We’ve found that this simple truth applies: the further out you plan, the more inaccurate your commitments become.

  • Our team was spending too much time planning upfront. Planning is necessary, but great teams want to be building. So much time spent planning means the job is less fun and hands-on.
  • No matter how hard we tried, our plans were mostly fiction. As a result, the team either felt scared to commit (because we were overambitious) or de-motivated (because the goal was too easy to hit).
  • People across the company soon realized that our plans aren’t reliable, so the product team risked losing credibility.
  • Our plans felt like artificial constraints that we were constantly having to re-adjust, while never being able to actually break free.

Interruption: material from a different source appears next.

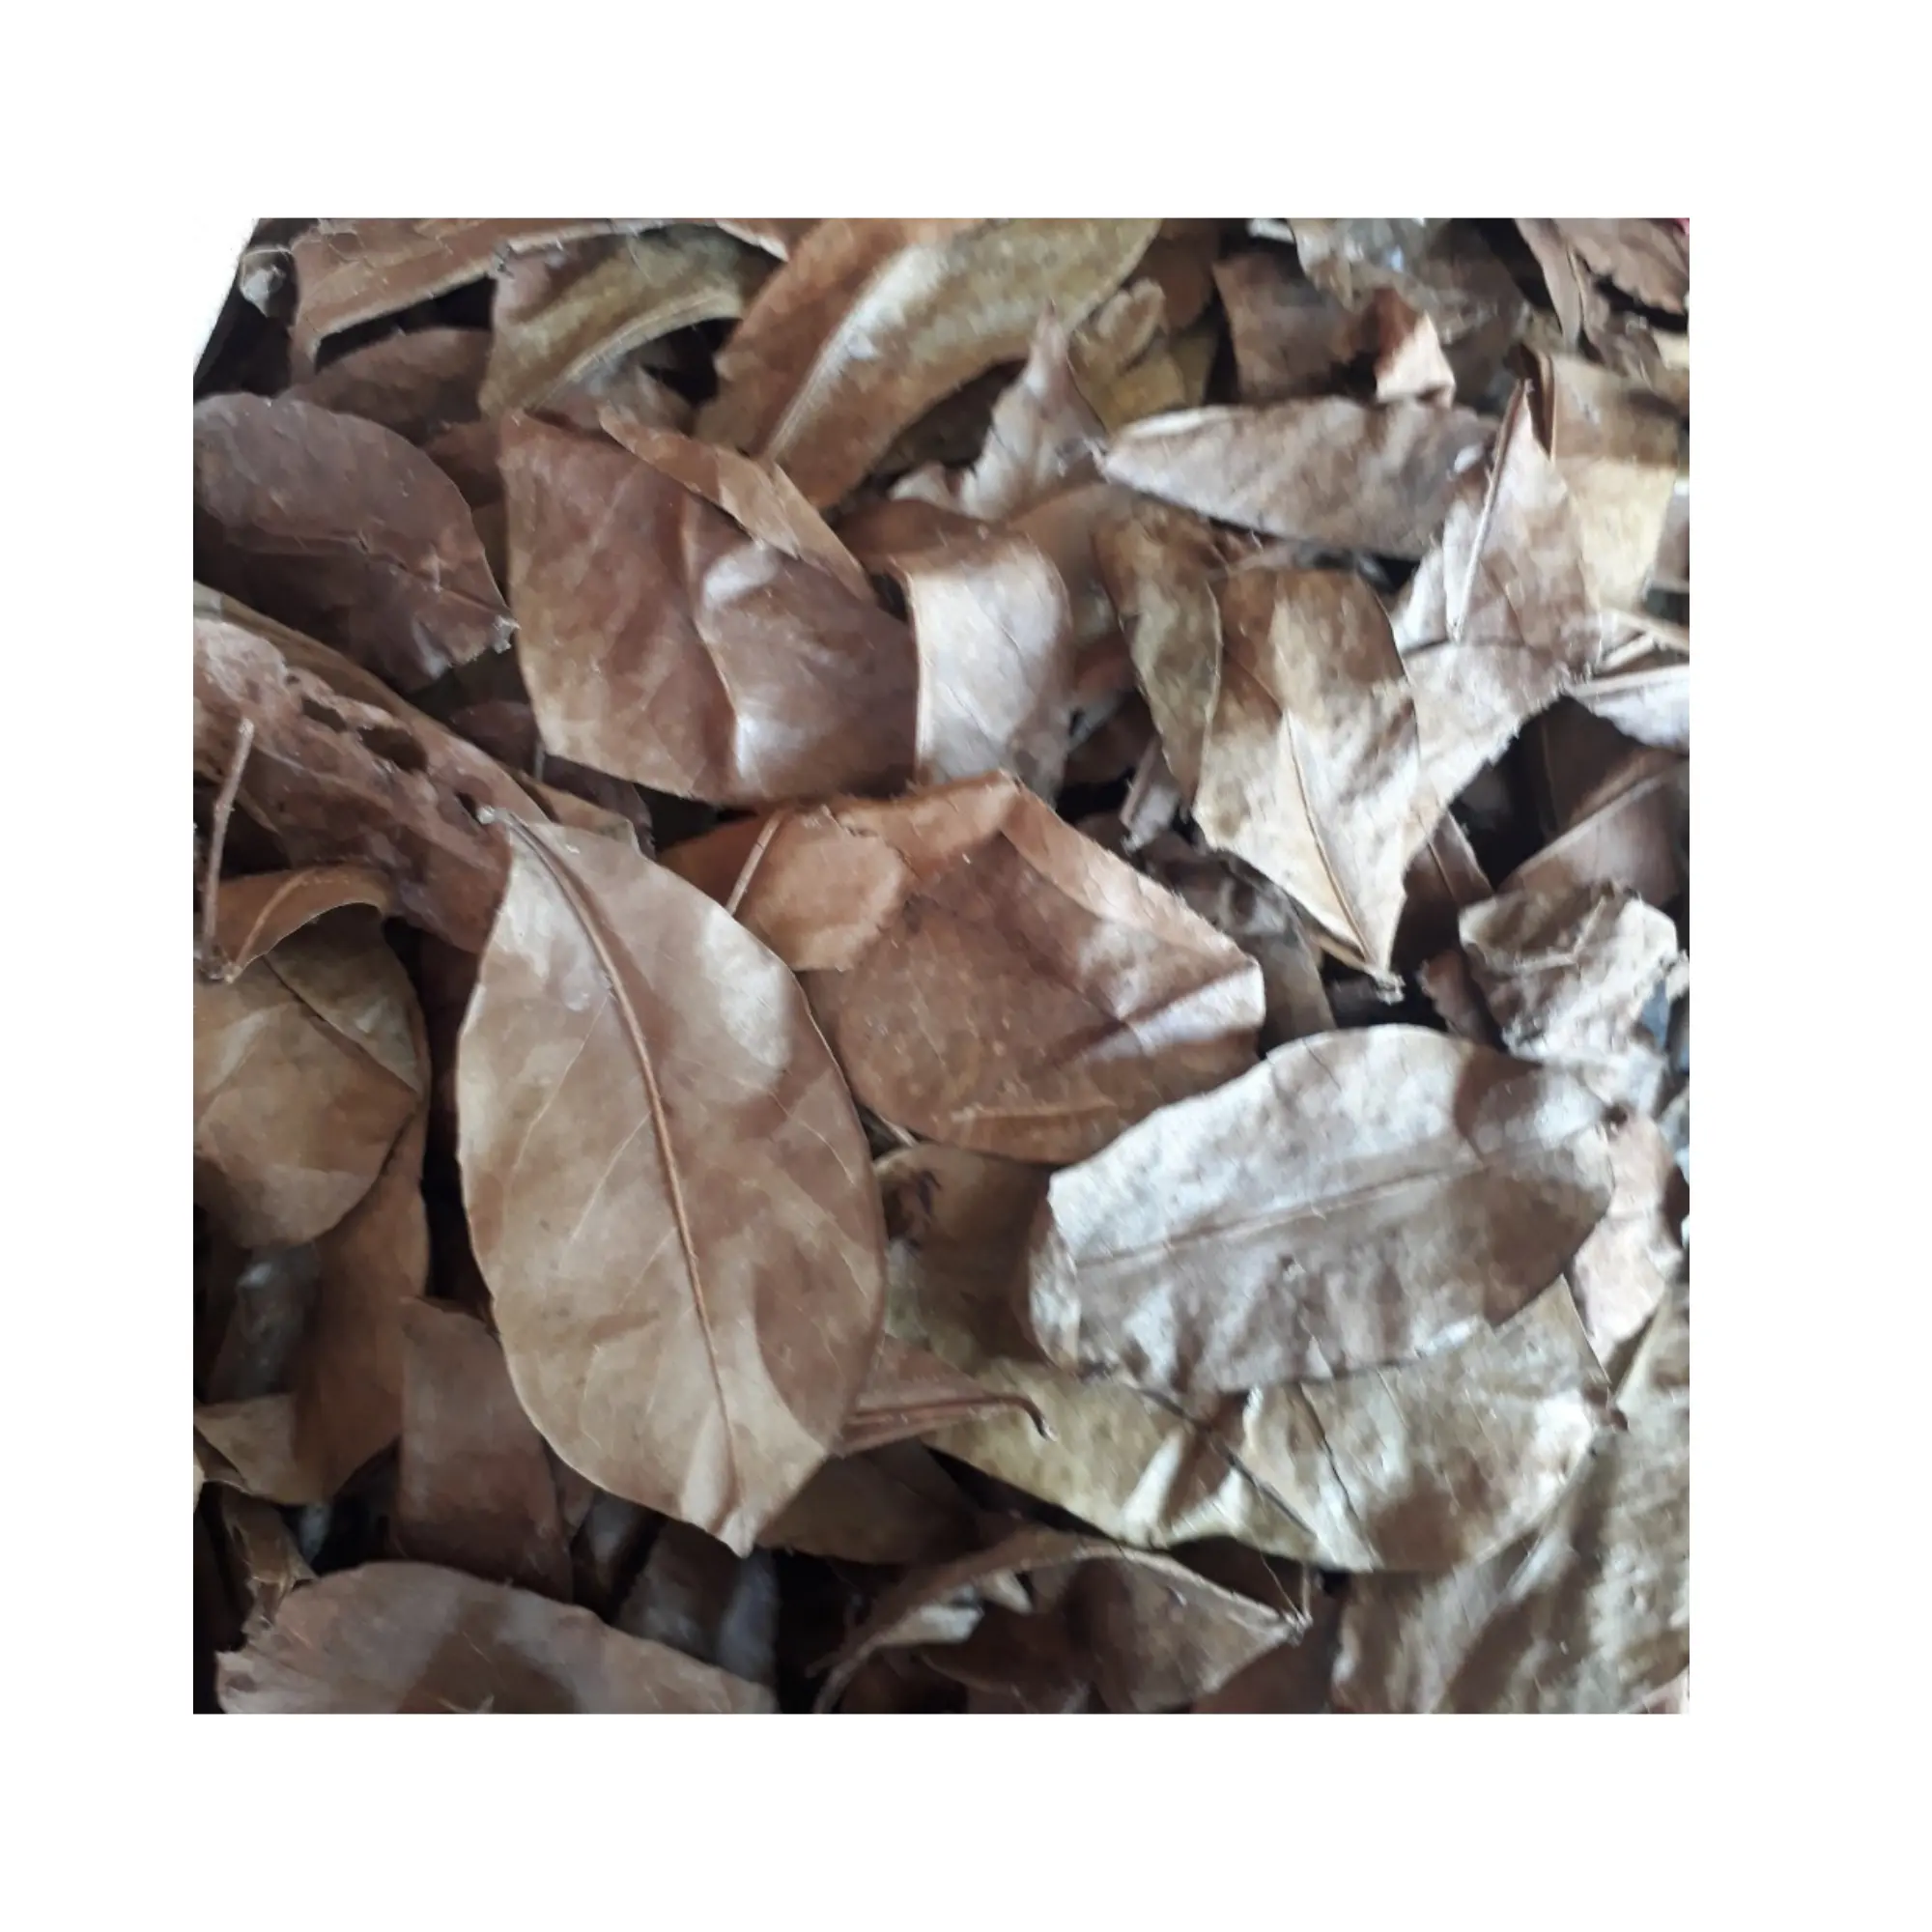 허브 차를위한 유기농 수스프 잎: 면역 지원, 이완 및 전반적인 웰빙에 적합

Now, instead of using a quarterly cycle, we keep our roadmaps prioritized in three timeframes: this cycle, next, or later. That’s it.

The general concept of cycles extends to all departments, whether in six weeks (product and engineering) or 12 weeks (how long an OKR cycle lasts). It provides us with a regular rhythm, much needed flexibility, and a large enough timeframe to accomplish big things six weeks at a time.

Accountability matters

The scope of each six-week cycle project is specific, and people are held accountable for their completion. We don’t expect perfection. Missing goals happens. But teams should feel good about what they’re committing to – that it’s achievable and something they’d feel proud about delivering in six weeks. Missing goals shouldn’t be painless.

They’re not delivery cycles

Our planning and commitment timeframe is six weeks, but not everything we decide to work on has to take that long. One project might be designed, built, and released in just a couple of weeks, while others will span across a couple of cycles. Engineers are expected to release product the whole way through a cycle. And sometimes you’ll hit your main goal in week three or four. That’s all totally fine. Six weeks is simply our planning and commitment timeline. It’s our structure to help give our team the right level of predictability and foresight.

For sizing, we’ve introduced Big Batch and Small Batch work. In Big Batch, we work on a single feature that’s likely to take the entire six weeks. In Small Batch, we work on stuff that won’t take longer than two weeks at the most. So we can get more like 3–5 smaller things done in a single cycle.

We will typically spend the first week of a cycle cooling down, dealing with various backlogs or bug smashes, and figuring out what we should tackle next.

We’re currently naming the cycles after fish species. Previous names include Sailfish, Kingfish, Ladyfish, Mahi Mahi, and Zander.